Sur la date des effets du divorce
L’article 262-1 du Code civil dispose que le jugement de divorce prend en principe effet dans les rapports entre les époux, en ce qui concerne leurs biens, à la date de la demande en divorce.
À la demande de l’un des époux, le juge peut fixer les effets du jugement à la date à laquelle ils ont cessé de cohabiter et de collaborer.
En l’espèce, les époux sollicitent la fixation de cette date au 18 février 2023, date de cessation de la cohabitation.
Aucune poursuite de la collaboration des époux n’étant invoquée après cette date, il sera fait droit à la demande.
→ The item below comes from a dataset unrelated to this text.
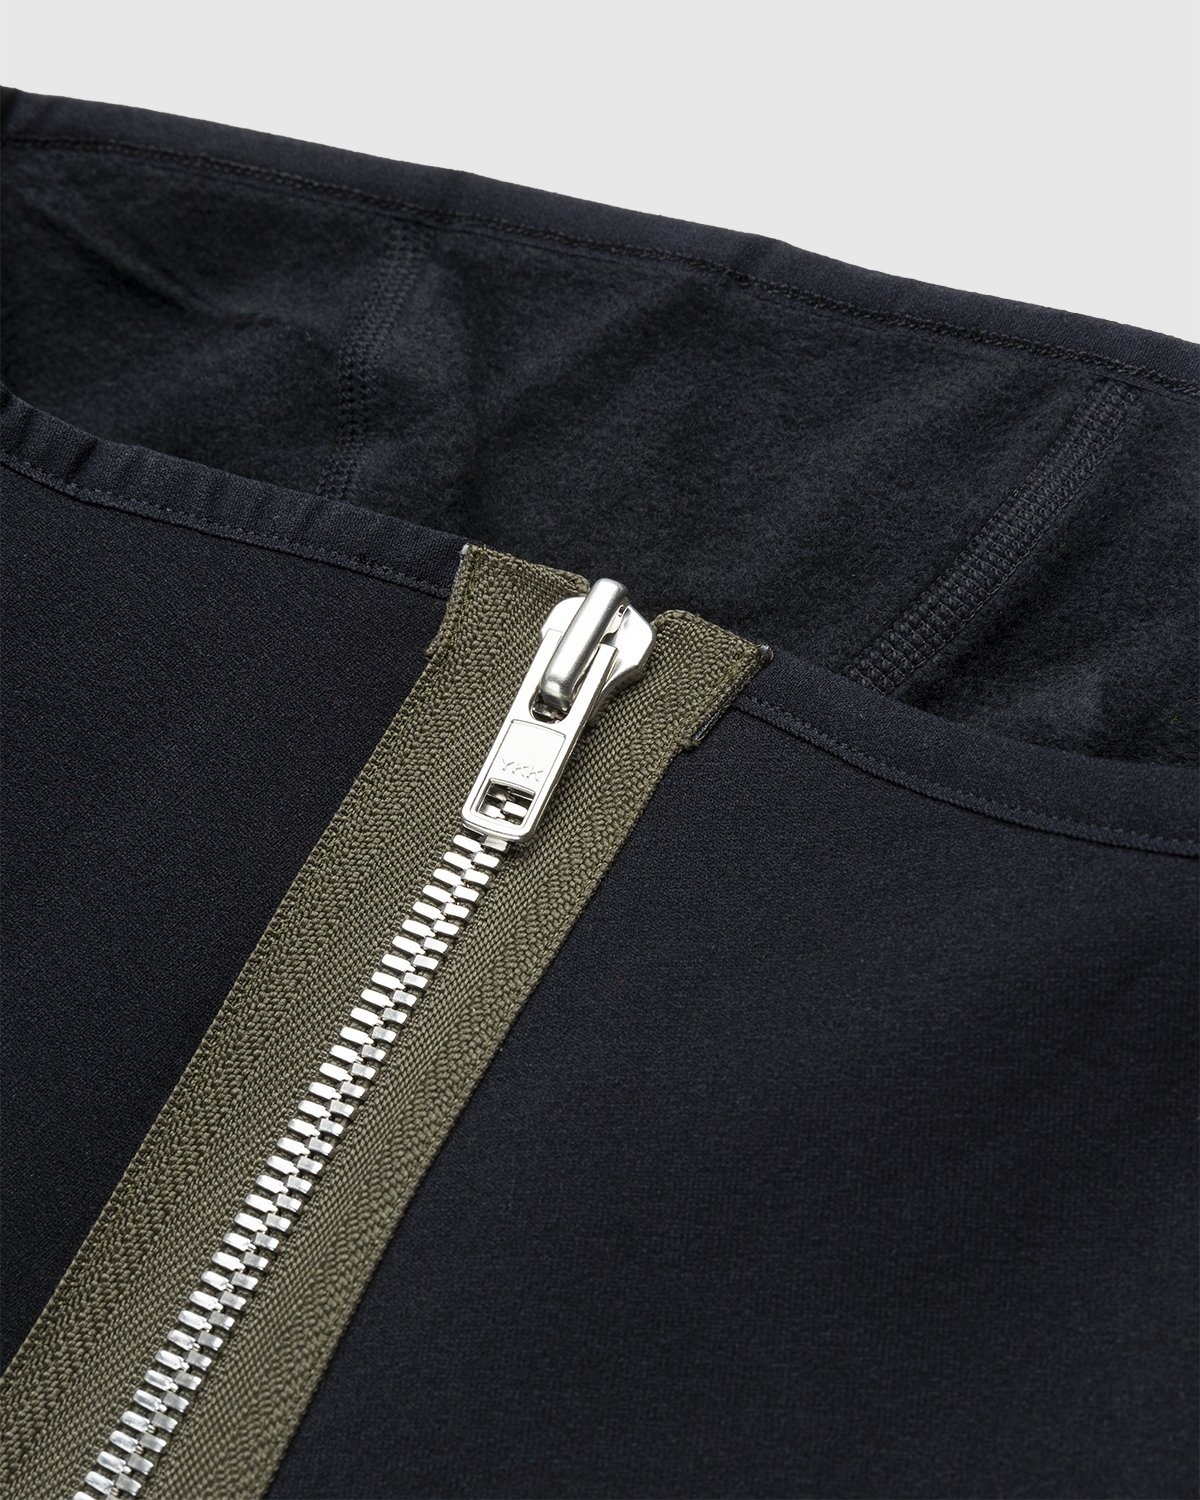 ACRONYM – NG4-PS Neckgaitor Olive Silver - Knits - Green - Image 3

Sur l’usage du nom du conjoint
L’article 264 du Code civil dispose qu’à la suite du divorce, chacun des époux perd l’usage du nom de son conjoint. L’un des époux peut néanmoins conserver l’usage du nom de l’autre, soit avec l’accord de celui-ci, soit avec l’autorisation du juge, s’il justifie d’un intérêt particulier pour lui ou pour les enfants.
Il y a lieu de constater qu’aucune demande de conservation du nom marital n’est formée.
SUR LES DEPENS
En raison du caractère familial de l’affaire, chaque partie conservera à sa charge les dépens exposés par elle pour assurer sa défense.
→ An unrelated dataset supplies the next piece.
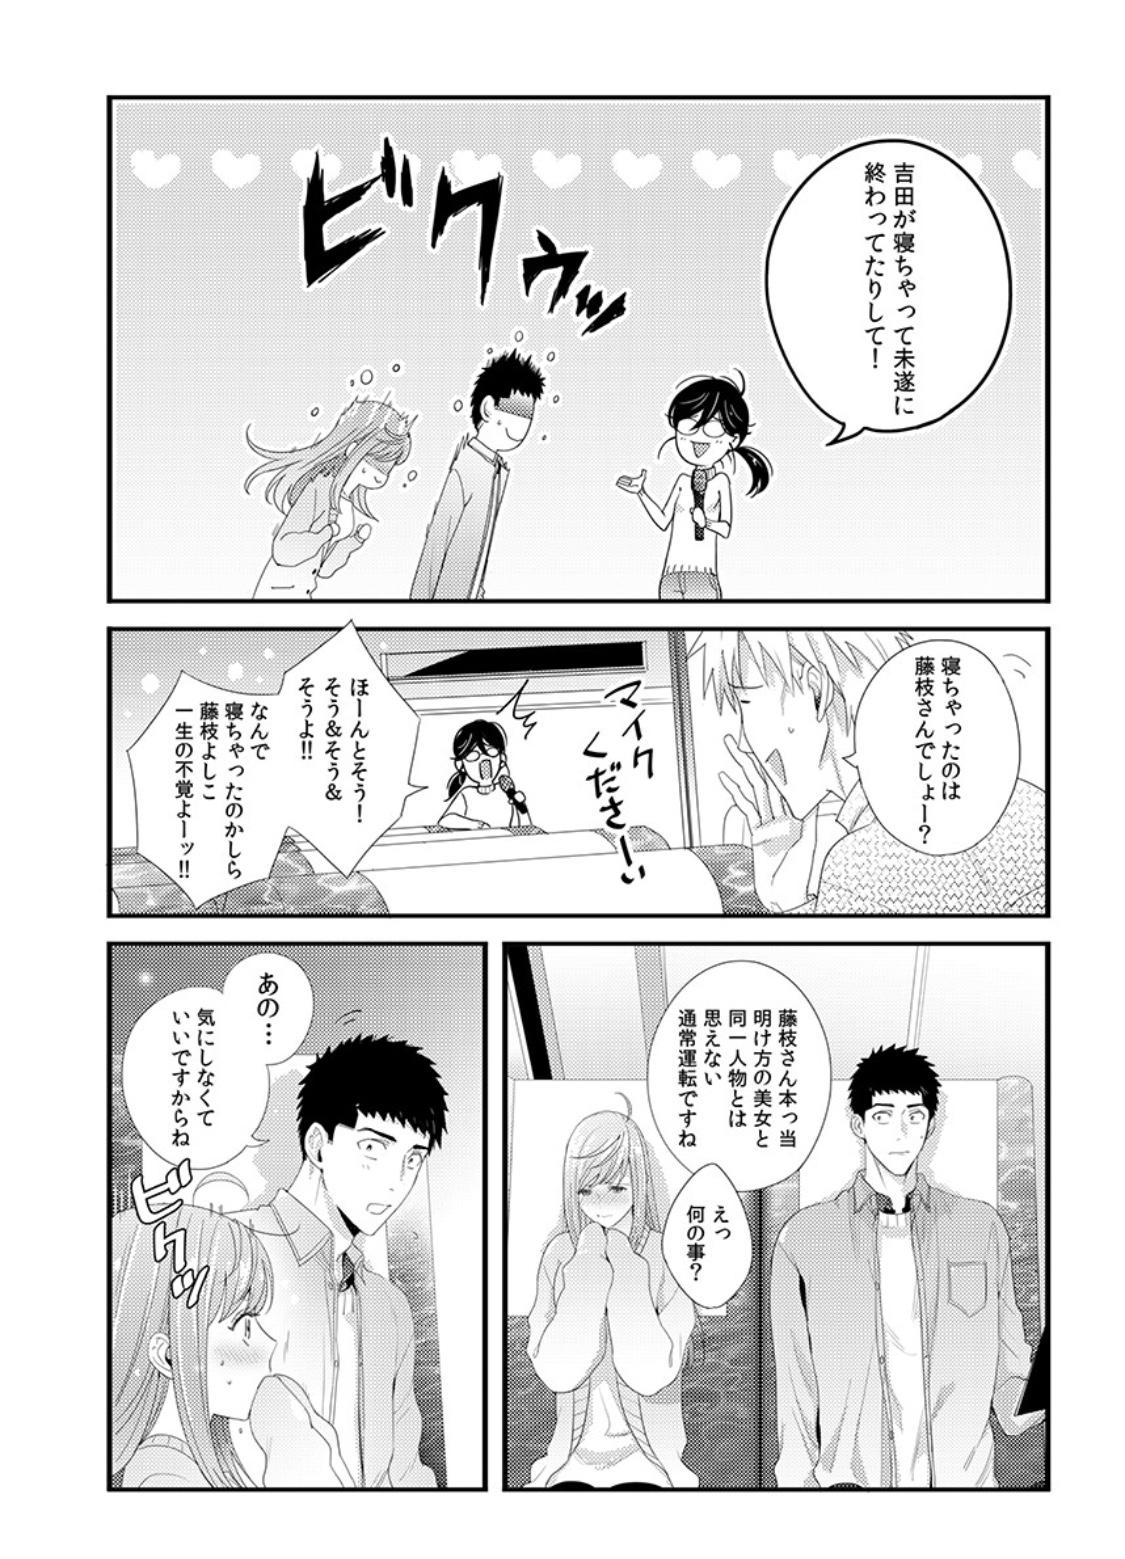 Please Let Me Hold You Futaba-San! Ch. 1-4 33

SUR L’EXÉCUTION PROVISOIRE
Aucune circonstance ne vient justifier le prononcé de l’exécution provisoire de la présente décision.
PAR CES MOTIFS,
Le juge aux affaires familiales statuant publiquement, par jugement mis à disposition au greffe, contradictoire et en premier ressort,
Vu l’assignation en divorce en date du 04 avril 2024,
Vu l’ordonnance de fixation de mesures provisoires en date du 13 juin 2024,
Vu l’article 237 du code civil ;
PRONONCE le divorce pour altération définitive du lie matrimonial de :
Monsieur [H] [C] [Y]
né le 12 mai 1961 à Thionville (57)
et de
Madame [T] [R]
née le 30 janvier 1959 à Thionville (57)
mariés le 26 mars 1988 à Yutz (57) ;
ORDONNE la mention du divorce en marge de l’acte de mariage ainsi qu’en marge des actes de naissance de chacun des époux ;
DIT que les effets du divorce, dans les rapports entre les époux, en ce qui concerne leurs biens, remonteront au 18 février 2023 ;
RENVOIE les parties à procéder amiablement aux opérations de compte, liquidation et partage de leurs intérêts patrimoniaux et, en cas de litige, les renvoie en tant que de besoin, devant le tribunal judiciaire compétent pour la poursuite de la procédure de partage judiciaire ;
DONNE ACTE aux époux des propositions de règlement de leurs intérêts pécuniaires et patrimoniaux conformément aux articles 257-2 du Code civil et 1115 du Code de procédure civile ;
CONSTATE la révocation des avantages matrimoniaux ;
HOMOLOGUE l’acte notarié d’état liquidatif de régime matrimonial établi le 17 mars 2022 par Maître [B] [L], notaire à Saint-Avold (57) ;
RAPPELLE qu’à la suite du divorce, chacun des époux perd l’usage du nom de son conjoint conformément aux dispositions de l’article 264 du Code civil ;
DIT que chaque partie conservera à sa charge les dépens exposés pour la défense de ses intérêts ;
DIT n’y avoir lieu à prononcer l’exécution provisoire ;
RAPPELLE que le présent jugement est susceptible d’appel dans le délai d’un mois à compter de sa signification par voie d’huissier sur l’initiative de la partie la plus diligente.
Le présent jugement a été prononcé par Madame Véronique APFFEL, Juge aux Affaires Familiales, assistée de Madame Maïté GRENNERAT, et signé par elles.